Este artigo tem como objetivo apresentar o pano de fundo histórico dos acontecimentos relacionados à Surah 9, classificar os grupos de pessoas aos quais o capítulo se refere e explicar o alcance jurídico do versículo 9:5. Ao fazer isso, busca-se mostrar que “9:5 do Alcorão em contexto” revela uma mensagem coerente com o restante da revelação, e não uma ordem de violência gratuita. Quando se lê o início da Surah At-Tawbah (9:1–6) de forma contínua, percebe-se que há anúncio de rompimento de tratados, concessão de moratória de segurança, preservação de pactos válidos e direito de asilo, o que desmente a interpretação de guerra indiscriminada.

“E, quando os meses sagrados passarem, matai os idólatras, onde quer que os encontreis, e apanhai-os e sediai-os, e ficai à sua espreita, onde quer que estejam. Então, se se voltam arrependidos e cumprem a oração e concedem az-zakāh (esmola), deixai-lhes livre o caminho. Por certo, Allah é Perdoador, Misericordiador.” (Surah 9, versículo 5).

A leitura honesta precisa começar pelos versículos 9:1–4 e seguir até 9:6, pois o próprio trecho estabelece quem são os idólatras mencionados, qual é o prazo de segurança concedido, quem mantém pactos válidos e quem tem direito a proteção mesmo em situação de guerra. Além disso, é indispensável conhecer quem são os mushrikīn (idólatras politeístas) visados nesse contexto e quais deles violaram tratados e atacaram aliados dos muçulmanos. Sem essa distinção, incorre-se em dois erros graves: aplicar 9:5 a todo e qualquer “não-muçulmano” e confundir os diferentes grupos de politeístas mencionados na surata.

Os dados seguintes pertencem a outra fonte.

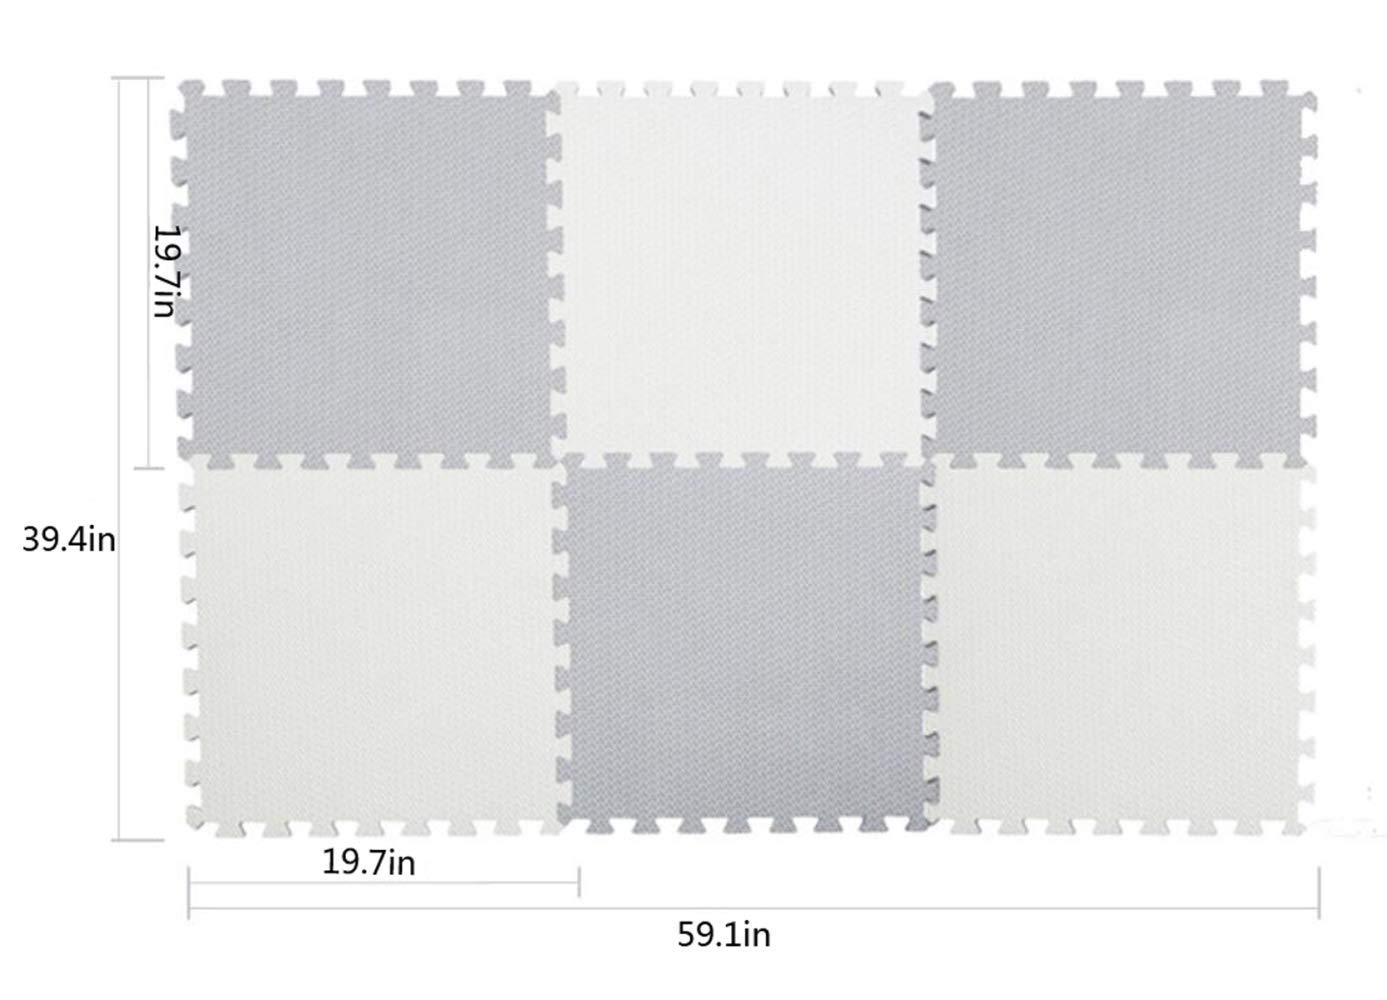 QXMEI Stitching High Elastic Foam Pad Puzzle Mat Children's Mat Crawling Mat Baby Bedroom Slip,Beige+Gray

Pano de fundo histórico: de Al-Ahzāb a Hudaybiyyah

Após a Batalha da Trincheira (Al-Khandaq ou Al-Ahzāb), na qual os exércitos confederados cercaram Medina e foram repelidos, o Profeta Muhammad ﷺ anunciou que os coraixitas não voltariam a atacar a cidade da mesma forma. Esse episódio marcou uma mudança importante na situação da comunidade muçulmana, que deixou de ser apenas uma minoria constantemente ameaçada para se tornar uma força estabilizada, com maior capacidade de negociação política. Pouco tempo depois, o Profeta ﷺ viu em sonho que os muçulmanos fariam a ‘Umrah (peregrinação menor) à Casa Sagrada, e sonhos proféticos são considerados revelação verídica.

Assim, a comunidade preparou-se para viajar até Meca com a intenção explícita de devoção, não de guerra. A caravana saiu de Medina sem armamento de combate pesado, levando apenas o necessário para a viagem e para os sacrifícios rituais, o que evidenciava de forma clara que o objetivo era puramente religioso e pacífico. Ao chegar à região de Hudaybiyyah, próxima a Meca, os politeístas impediram a entrada dos muçulmanos, temendo que isso abalasse sua autoridade política e religiosa sobre a cidade e sobre a Kaaba. Em vez de insistir em entrar à força, o Profeta ﷺ mostrou que o Islam não é uma religião de violência gratuita e propôs um tratado de paz para evitar derramamento de sangue.

O acordo ficou conhecido como Tratado de Hudaybiyyah e trazia cláusulas que, à primeira vista, pareciam duras para o lado muçulmano: não haveria ‘Umrah naquele ano, mas apenas no seguinte; qualquer pessoa de Meca que migrasse para Medina sem o consentimento de seu guardião seria devolvida, enquanto o inverso não ocorreria; uma trégua de dez anos seria estabelecida; as tribos árabes poderiam escolher livremente aliar-se a um dos dois lados, de modo que um ataque a um aliado seria considerado ataque ao bloco inteiro; e no ano seguinte os muçulmanos poderiam entrar em Meca, por três dias, para realizar a ‘Umrah, sem portar armas de guerra.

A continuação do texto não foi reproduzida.